As the period of fasting continues, i.e. 12-14 hours, glucose production from the liver continues to sustain the needs of the body. At the same time, glucose levels are maintained by glycogenolysis (the conversion of glycogen to glucose) and gluconeogenesis (creating glucose from amino acids and glycerol). The body enters the catabolic state that is presented with decreased insulin secretion, increased glucagon secretion, and nutrient mobilization from the stores in the liver, muscle, and adipose cells.

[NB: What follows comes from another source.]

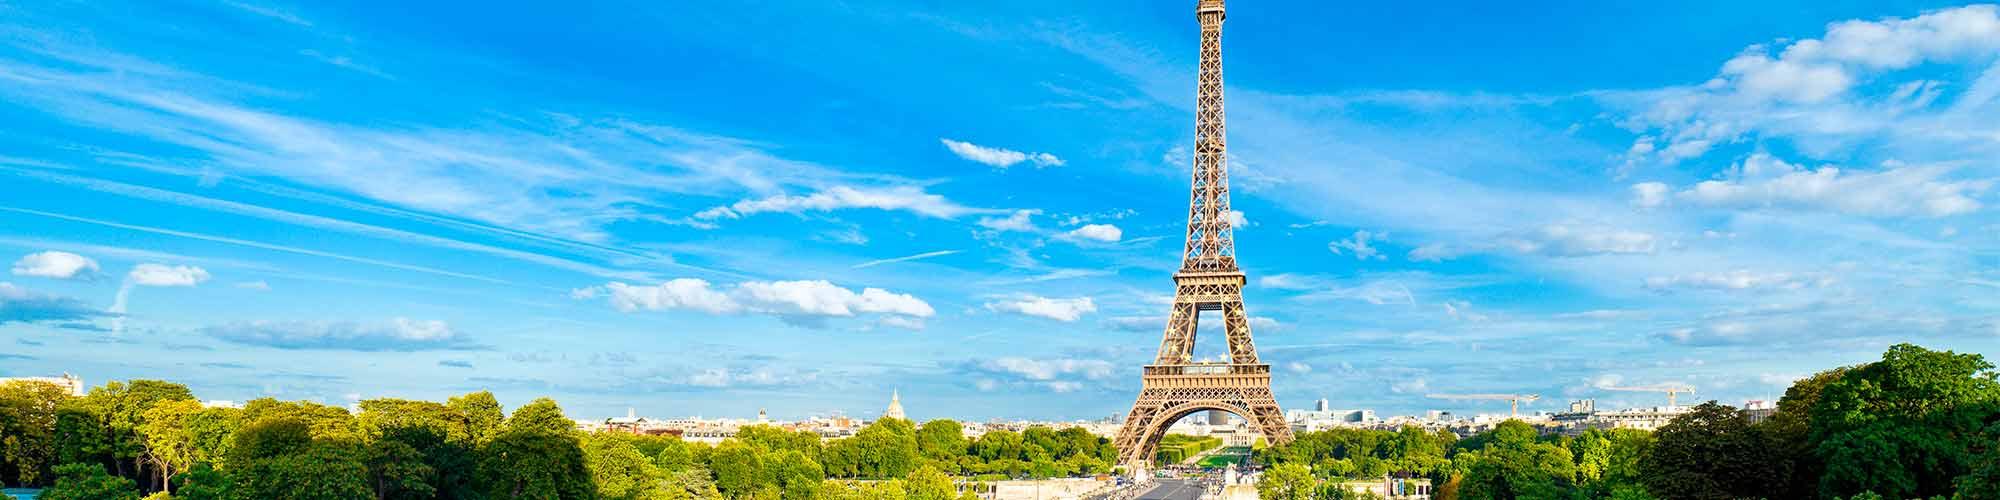 París de Cine- EL PAÍS Viajes

If fasting were to continue, fatty acids released from adipose cells are converted to keto acids (beta-hydroxybutyric acid and acetoacetic acid; known as ketone bodies) in the liver. Eventually, the brain will use keto acids in addition to glucose for energy. Keto acids through gluconeogenesis continues to sustain the body and therefore, reduces the need for amino acids produced by the breakdown of muscle. “Starvation is characterized by low serum insulin concentrations, high glucagon concentrations, and high serum free fatty acid and keto acid concentrations” (Robert Utiger) Seeing how normal glucose regulation occurs within the body, it makes it easier to understand the effects from an imbalance or improper management of blood glucose levels in diabetes
Although insulin and glucagon are the primary hormones involved in glucose homeostasis and metabolism, there are other hormones worth noting:
Name | Function |
Amylin | Decreases glucagon levels, slows the rate at which food empties the stomach, and confirms a satiety state with the brain |
GLP-1 (Glucagon-like peptide-1) & GIP (glucose -dependent insulinotropic polypeptide) | Incretin hormones that signal the beta cells to increase insulin secretion and decreases the alpha cells’ release of glucagon; GLP-1 slows down the rate food empties the stomach and confirms a satiety state with the brain |
Epineprine (Adrenaline) – “stress” or “gluco-counter-regulatory” hormone | Released from nerve endings and the adrenal glands, works on the liver to promote sugar production via glycogenolysis; promotes the breakdown and release of fat nutrients that travel to the liver and converted to sugar and ketones |
Cortisol – “stress” or “glucose-counter-regulatory” hormone, steroid hormone | Secreted from the adrenal gland and makes fat and muscle cells resistant to the action of insulin and enhance the production of glucose by the liver. Acts as a counterbalance to the actions of insulin |
Growth Hormone – “stress” or “glucose-counter-regulatory” hormone | Released from the pituitary gland with similar actions to cortisol that counterbalances the effect of insulin on muscle and fat cells. High levels of growth hormone cause resistance to the action of insulin |
Source: https://dtc.ucsf.edu/types-of-diabetes/type2/understanding-type-2-diabetes/how-the-body-processes-sugar/blood-sugar-other-hormones/
By looking at graph below, it provides a clear representation of how the body balances the blood glucose levels as an individual consumes meals throughout the day. Later, clarity will be provided on how diet, exercise, and pharmacotherapy all fit together when managing the body’s blood sugar levels.
Brief History of Diabetes
The first case of diabetes dates to 1552 BC when Hesy-Ra, an Egyptian physician “documented frequent urination as a symptom of a mysterious disease that also caused emaciation ([a] condition of wasting away)” along with those “people known as ‘waste tasters’ [who] diagnosed diabetes by tasking the urine of people suspected of having it [diabetes]” (Krisah McCoy). As disturbing as these practices may be, they led to scientists using chemical tests to determine the presence of glucose in urine. These findings contribute to the origin of the name since diabetes means to “siphon” and mellitus refers to “honey.” An in depth view of these and other tools will be described.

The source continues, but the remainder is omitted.